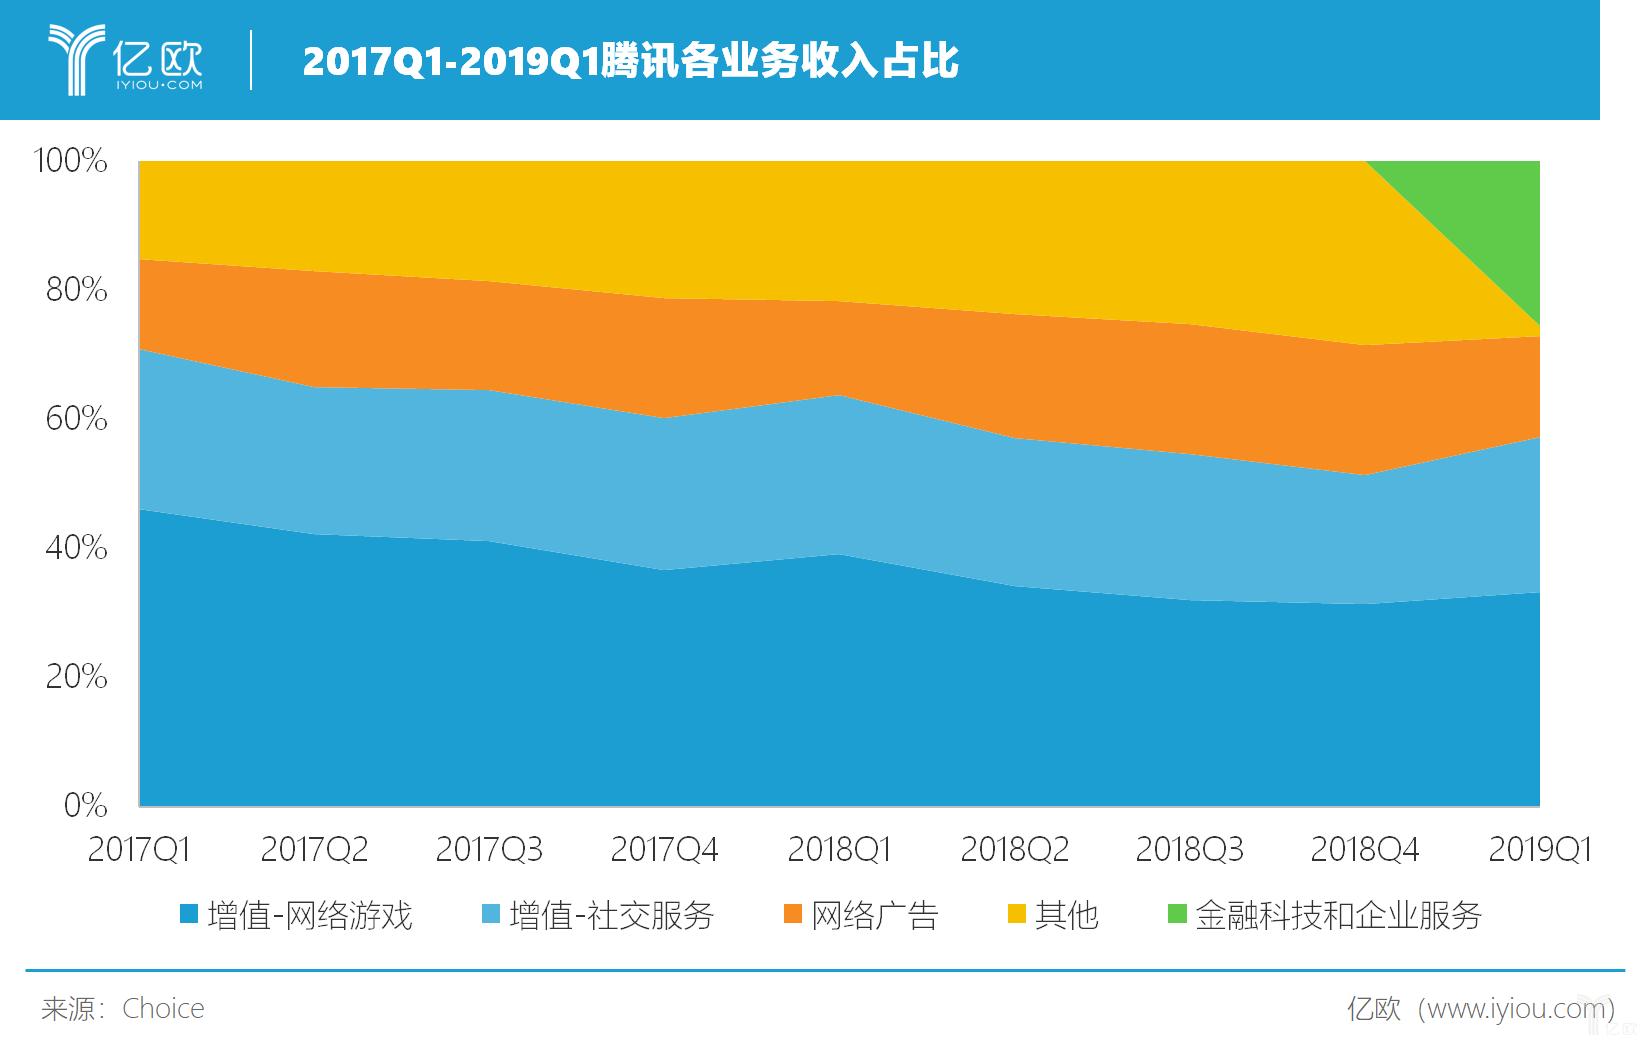 2017Q1-2019Q1腾讯各业务收入占比
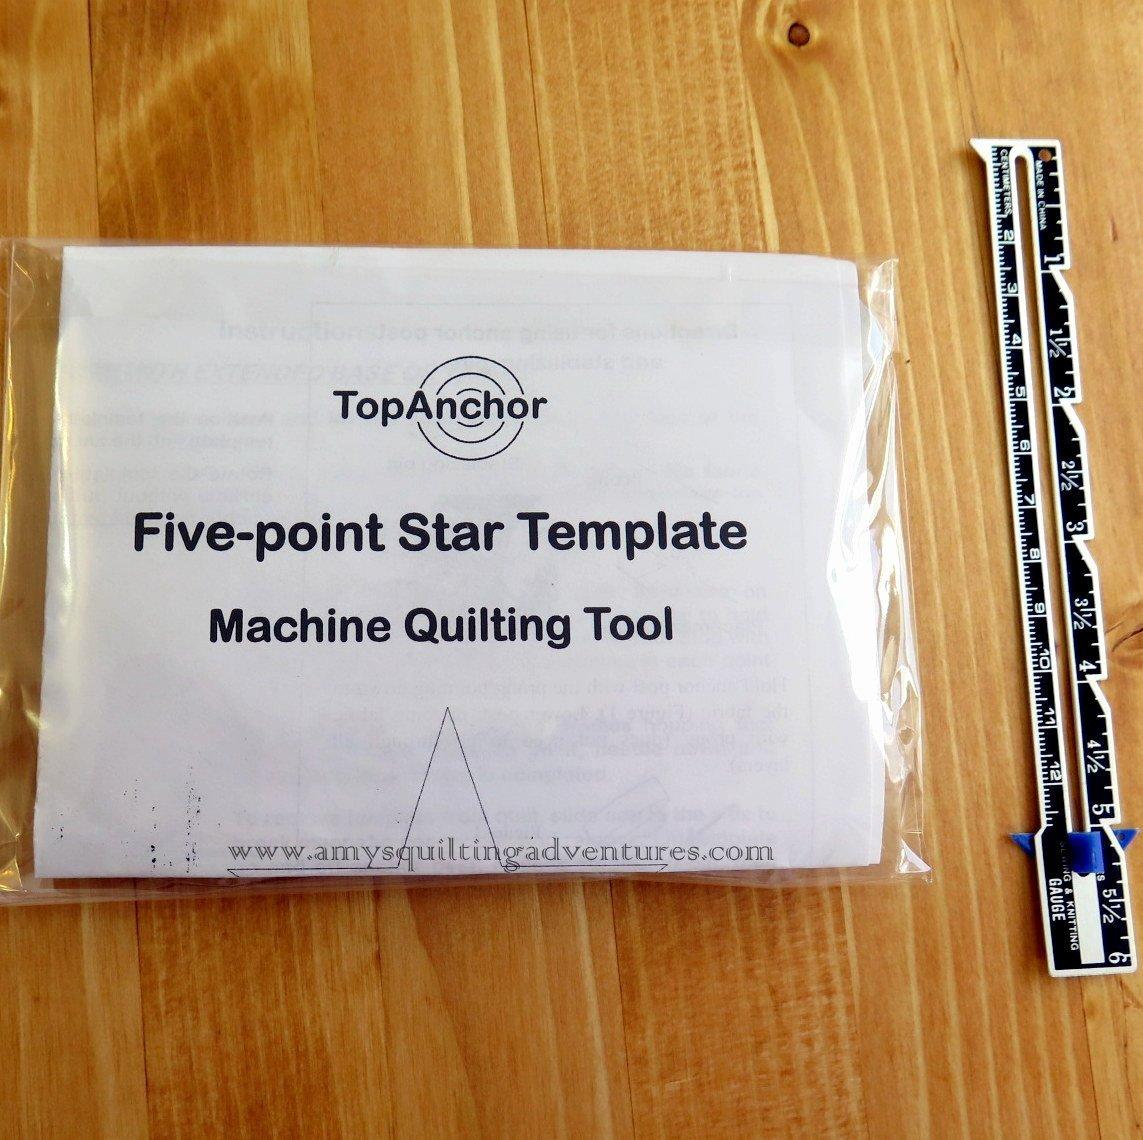 10 Inch Star Template Beautiful topanchor Five Point Star 6 Inch
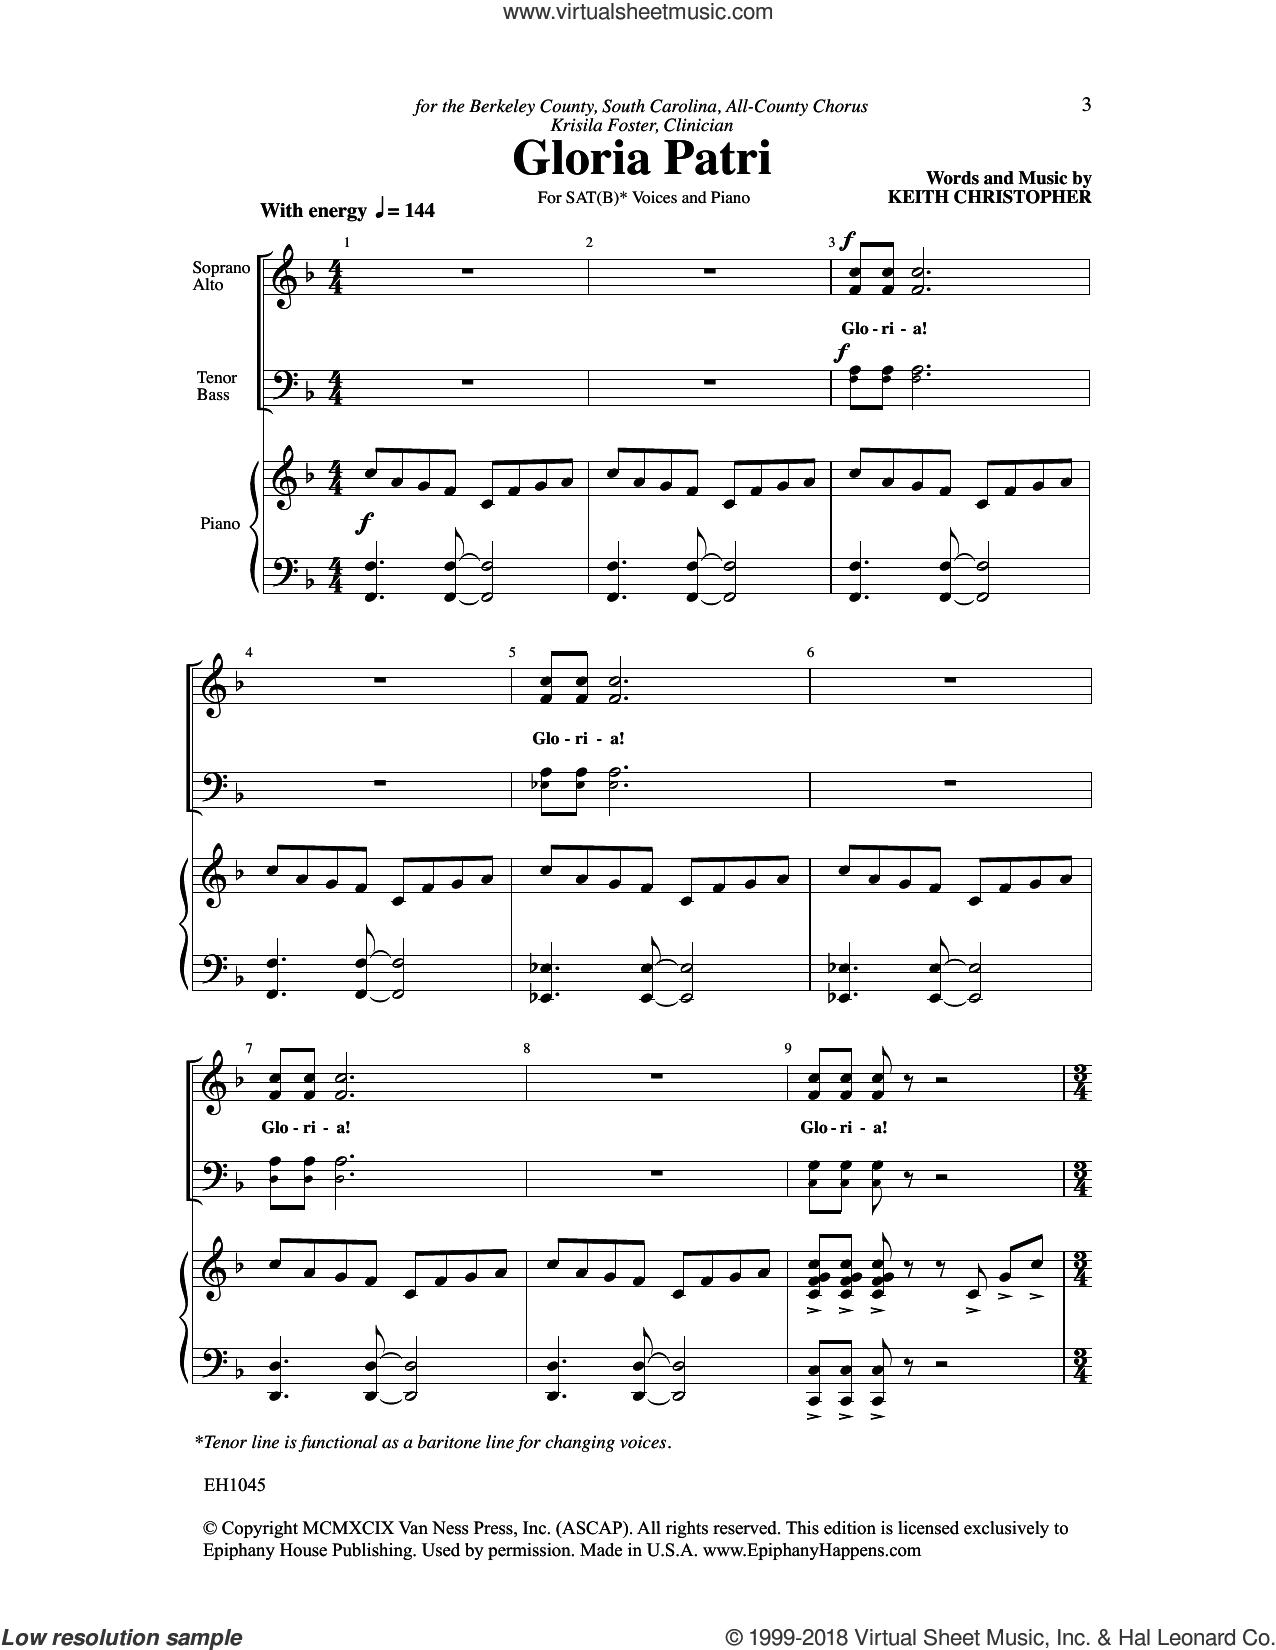 Gloria Patri sheet music for choir (SATB: soprano, alto, tenor, bass) by Keith Christopher, intermediate skill level
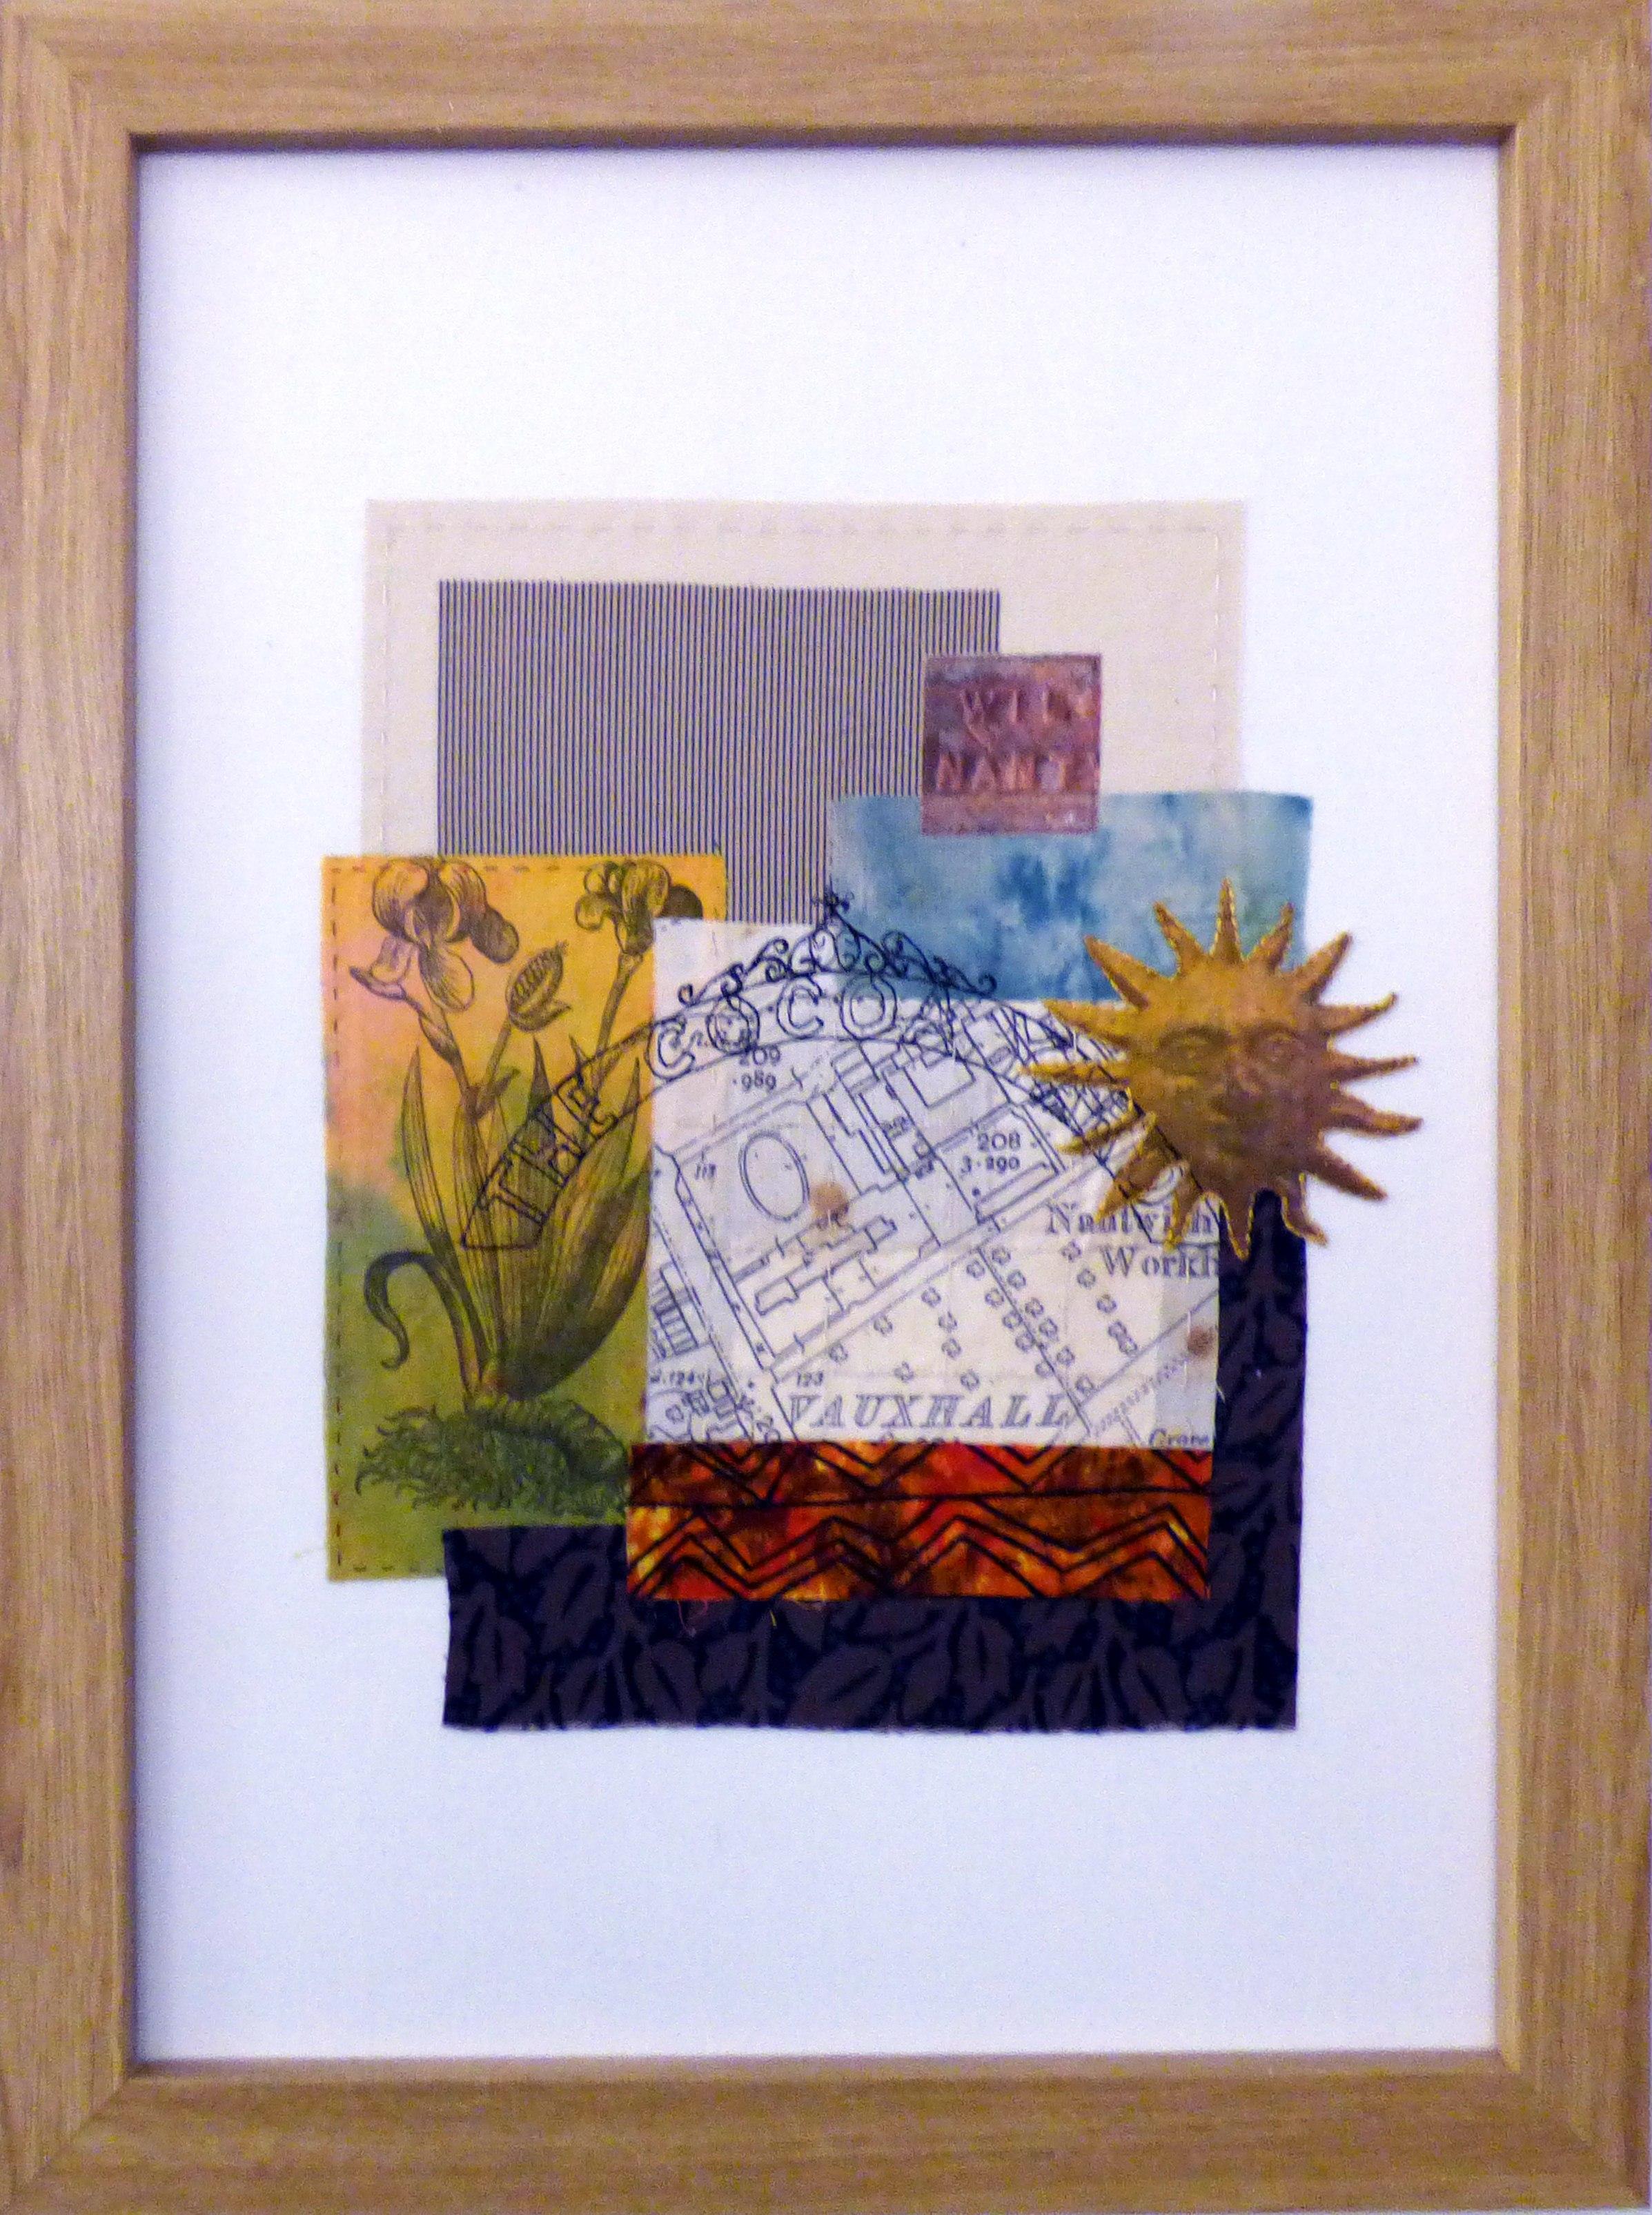 REFLECTIONS OF THE PAST 2 by Linda Bilsborrow, Ten Plus exhibition, Nantwich

• _INSTRUCTIONS TO FOLLOW_
Set down word for word each line from the one containing "10 Inch Star" through the end of the material, and keep the pictures out of it.

• _TASK SOLUTION_
 10 Inch Star Template Beautiful topanchor Five Point Star 6 Inch
 Gloria Patri sheet music for choir (SATB: soprano, alto, tenor, bass) by Keith Christopher, intermediate skill level
 REFLECTIONS OF THE PAST 2 by Linda Bilsborrow, Ten Plus exhibition, Nantwich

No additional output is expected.